I pasti: ufficialmente eravamo malati, bisognosi di particolare attenzione come tutti i ricoverati, altrove e per altre patologie. Forse era solo un'impressione ma la pasta, la carne, il pesce, il pane stesso, avevano un altro gusto. Sulle patate lesse si intuiva una lacrima d'olio, e pure sulle insalate. La bevanda era unica, acqua di rubinetto, con lo stesso gusto di cloro di questa, era nelle caraffe, forse per farlo decantare, o per dare l'impressione di essere un'acqua benedetta a supporto alla nostra guarigione, ma al gusto e all'olfatto era difficile mentire.
Il non far niente non portava noia, era dolce come poesia comanda, potersi stiracchiare dopo il risveglio del mattino senza sentire ringhi di sollecito... non aveva prezzo.
Le messe: intanto l'andare a messa ogni mattina non era nei nostri sogni, peraltro ridotti dal limitato mondo in cui la sorte ci aveva calato; ancora meno lo era il fatto che per recarcisi la sveglia era prevista all'ora del sorgere del sole, e né il freddo, né la pioggia, né la neve facevano rinunciare o ritardare l'avvio verso il tempio. La funzione era poi un parziale prosieguo occulto del sonno perduto, che i saliscendi continui interrompevano (in piedi, seduti, in ginocchio...), rendeva stressante la giuntina di riposo. In quarantena ogni pomeriggio una suora infermiera-sorvegliante-sacerdotessa ci invitava alla recita del rosario, al di là di una vetrata che le consentiva di verificare la partecipazione attiva a quella preghiera; il numero esiguo di partecipanti costringeva a una partecipazione vocale che nei numeri grandi era possibile evitare senza troppi rischi. In fondo era uno scambio accettabile...
Questi i motivi principali per cui non saremmo scesi in piazza per reclamare un rientro che proprio non ci sconfinferava.
Quelli negativi si riducevano al rimpianto del cortile con le interminabili partite a pallone, il passo volante (una giostra a spinta pedestre), le figurine Panini con calciatori e ciclisti, e le biglie di vetro colorate da far correre in piste polverose sempre rinnovate... e poco altro.
Finito il tempo, dopo che l'ultimo tampone aveva accertato l'assenza del microrganismo marrano, eravamo tornati all'ovile, reinseriti nel gregge di pecorelle, che nel frattempo nulla aveva cambiato della routine quotidiana. Non ci furono festeggiamenti né complimenti ufficiali per lo scampato pericolo. Il fiume umano aveva proseguito imperterrito il suo corso durante la nostra assenza, ed era stato assolutamente indifferente al nostro rientro.

Quarantena (attuale e virtuale)

Quest'ultima parte è destinata ad adulti, vaccinati o meno: avviso con valore legale onde evitare allo scrivente un'ulteriore grana, incidentalmente padana.

Sono su Facebook da parecchi di anni, me ne sto allontanando gradualmente per la piega che hanno preso i suoi contenuti. I post di politica non sono più dialogo, scambio di opinioni, critiche motivate, satira ironica... da una parola in su volano insulti e offese, una vignetta ironica riceve reazioni assurde anziché sorrisi tolleranti.

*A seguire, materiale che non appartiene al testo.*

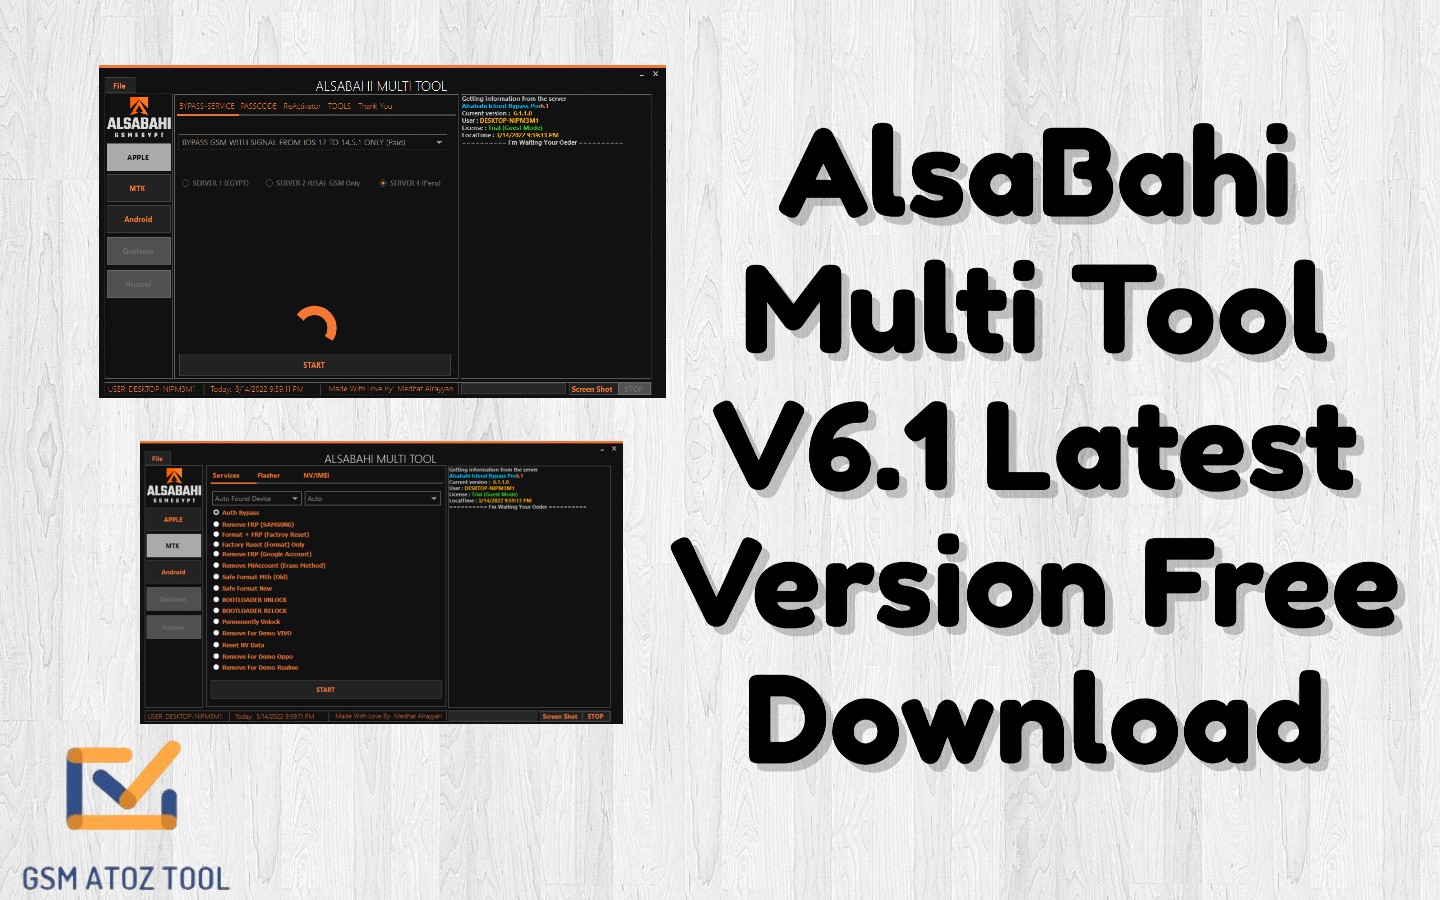 AlsaBahi Multi Tool V6.1 Latest Version Free Download

Come molti sanno, su questo social è prevista l'apposizione di faccine a denotare le diverse sensazioni che un testo o una figura suscitano nel visualizzatore: dal semplice mi piace al cuoricino, dall'abbraccio alla risata, dallo stupore al pianto, ultima l'irritazione. Consentono di esprimere un'opinione senza sforzare troppo la mente e i polpastrelli per formulare commenti magari sensati, risparmiando tempo da dedicare al girar dei pollici che, in questo periodo, sono utili per dissipare l'aria calda facendo nel contempo una salutare ginnastica alle giunture degli stessi.

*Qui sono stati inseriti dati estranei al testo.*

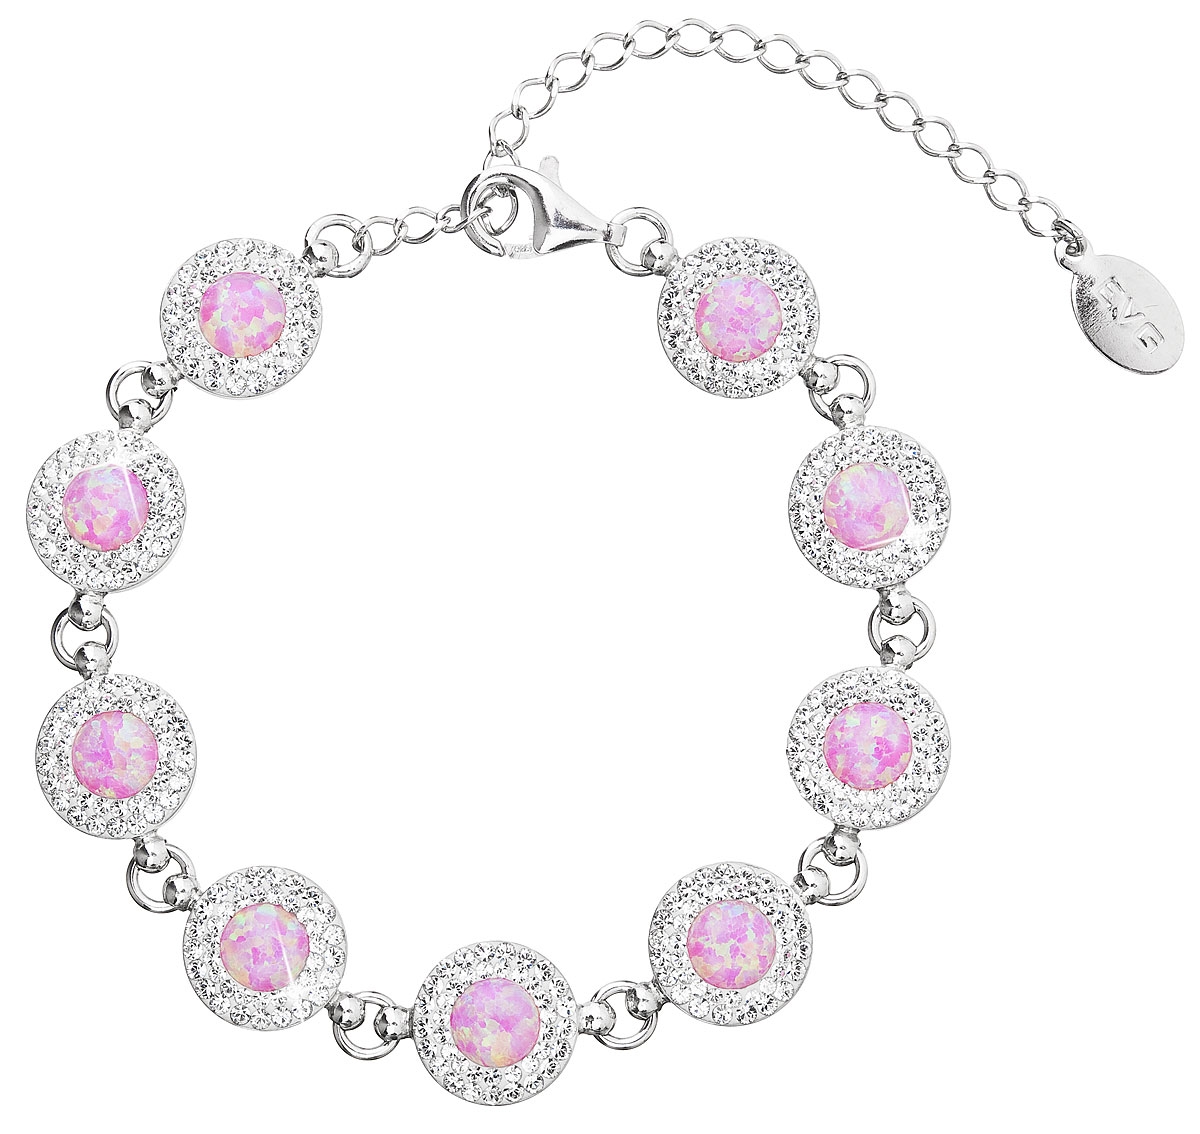 Strieborný náramok s kryštálmi Crystals from Swarovski ® a ružovými opálmi

Appiccico queste faccine il meno possibile, più che altro per far capire che le conosco, pur misconoscendone l'utilità. Dove trovo interesse, preferisco battere due parole di commento a livello sempre personale. Talvolta si tratta di un po' più di due parole, ma cerco di assemblarle al meglio per tentare di dare loro un senso compiuto e comprensibile.

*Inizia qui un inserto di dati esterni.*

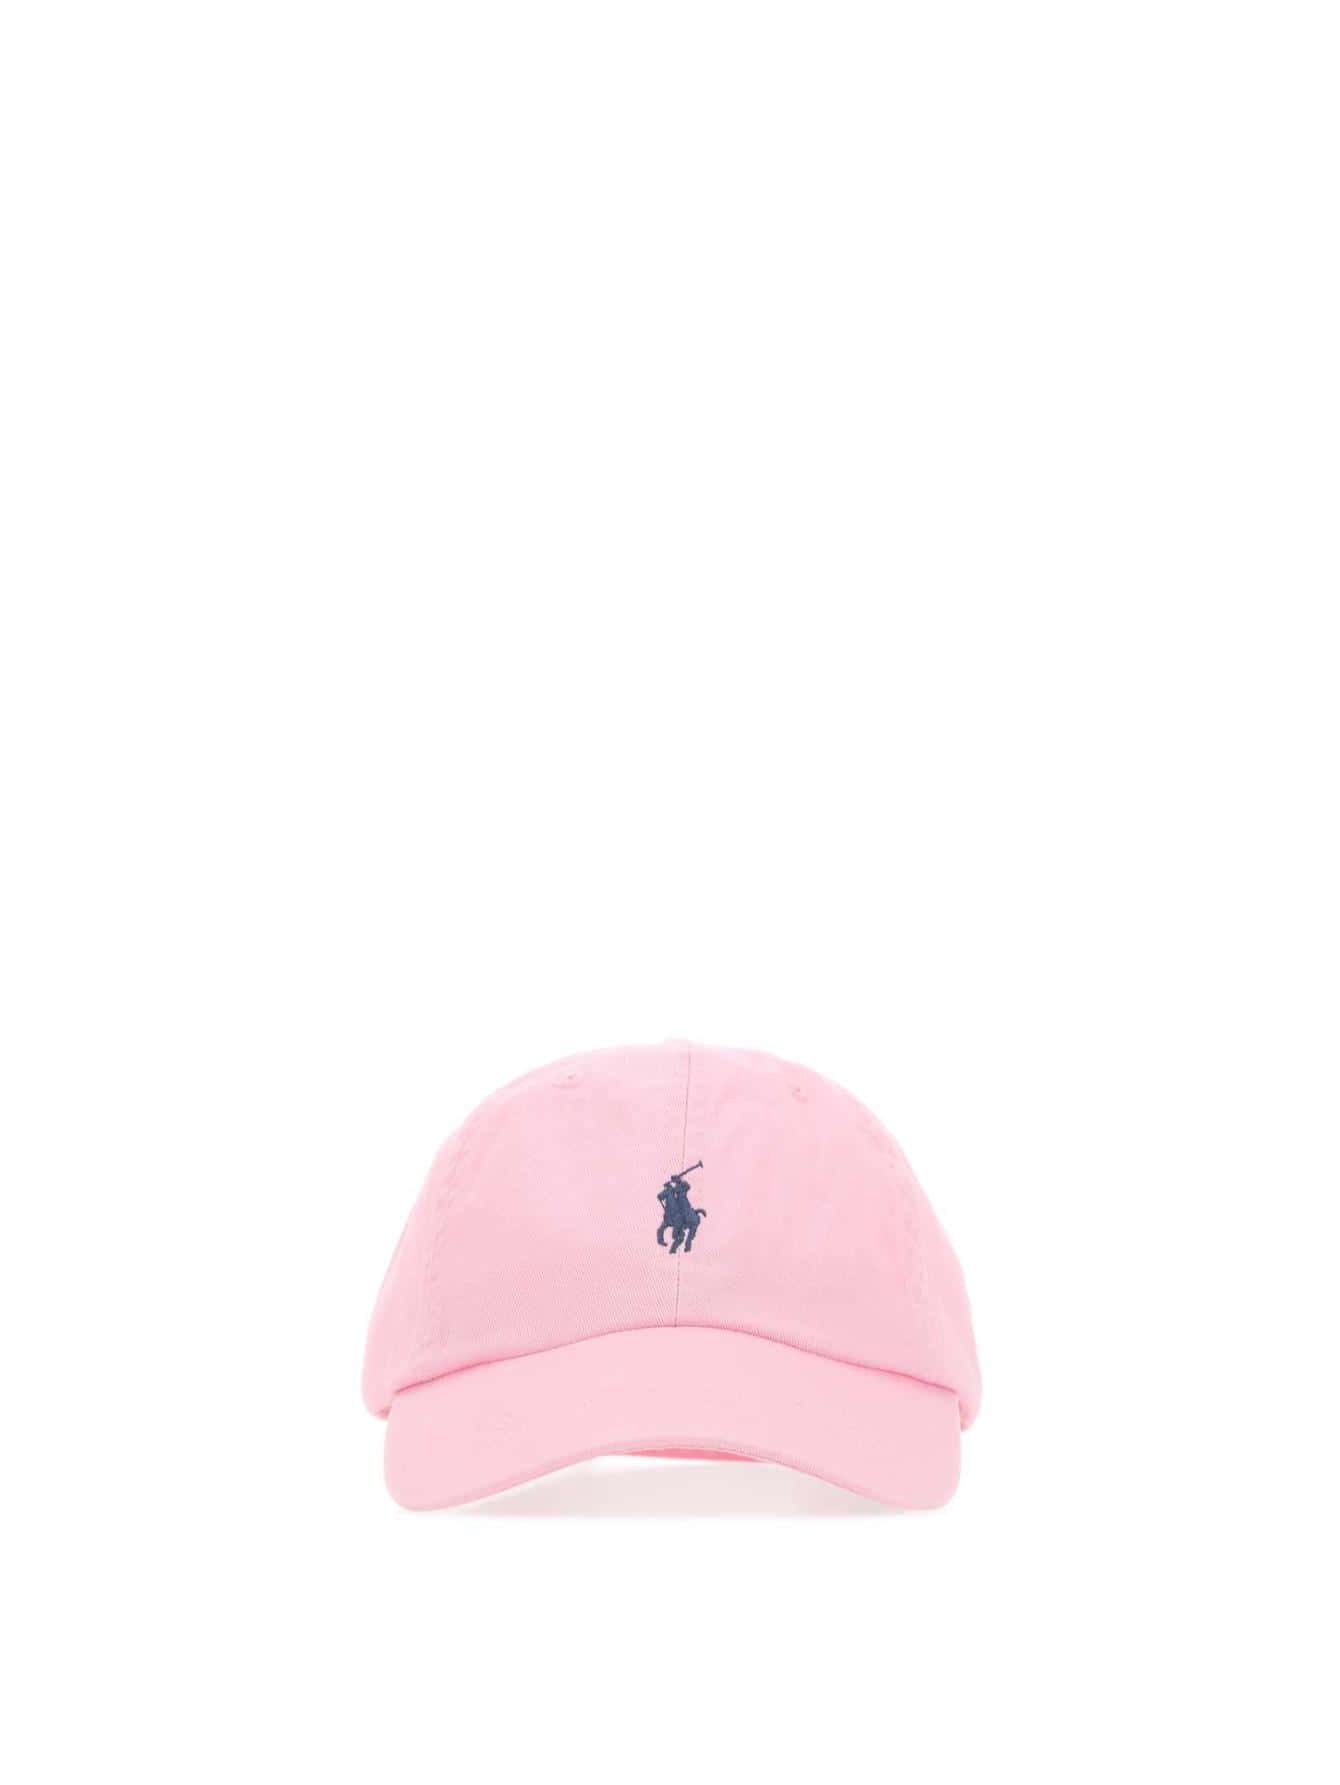 Мужские шапки Polo Ralph Lauren РОЗОВЫЕ 710548524008, розовый мужские кепки polo ralph lauren черные 710548524012 черный

Altrimenti ripongo i diti nel loro contenitore e mi limito a commentare mentalmente, evitando così  gli eventuali fulmini e le saette di buontemponi che sempre più spesso solcano questo speciale universo.
Quando trovo immagini o testi di particolare interesse, solitamente presentati da gruppi specificamente dedicati, aderisco (si dice così per indicare l'entrata in quel gruppo) e mi godo quanto via via viene da questi offerto.
Tempo fa ne avevo trovato uno molto interessante che, con immagini (sempre bellissime) e testi mi riportavano a cose e parole viste in particolare nel corse della seconda gioventù; mi emozionavano e mi trasmettevano sensazioni e ricordi peraltro mai sopiti.
Centellinavo i commenti, poiché sovente pregni di commozione, che il tipico pudore della quarta gioventù mi vietavano di esternare.
Sarò breve (come sempre), e vado a raccontare in diretta l'episodio che mi ha inguaiato con questo gruppo, e che mi ha 'condannato' a una quarantena virtuale fino a poco fa.
Preciso che si tratta di un gruppo specificamente regionale, in cui il dialetto locale la fa generalmente da padrone, con casuali escursioni nell'italiano e alcuni in altre lingue straniere. In tempi neanche tanto lontani anche l'italiano era lingua straniera; col tempo i dialetti stanno scomparendo senza che per molti l'italiano sia divenuto lingua corrente, restando ben lontana da un uso accettabile.
Nei commenti a un'immagine che segnalava i vari sottodialetti nelle singole località provinciali, nel dialogo di puntualizzazioni e approfondimenti era spuntata una bestemmia, in dialetto, a fondo perduto; ossia che con tutto il resto non aveva alcun riferimento o motivo d'essere; era un'entrata a gamba tesa assolutamente gratuita. Essendo un autodidatta specializzato in bestemmiologia dialettale applicata, pur non essendo più credente, quindi tanto meno osservante, non mi era sfuggita.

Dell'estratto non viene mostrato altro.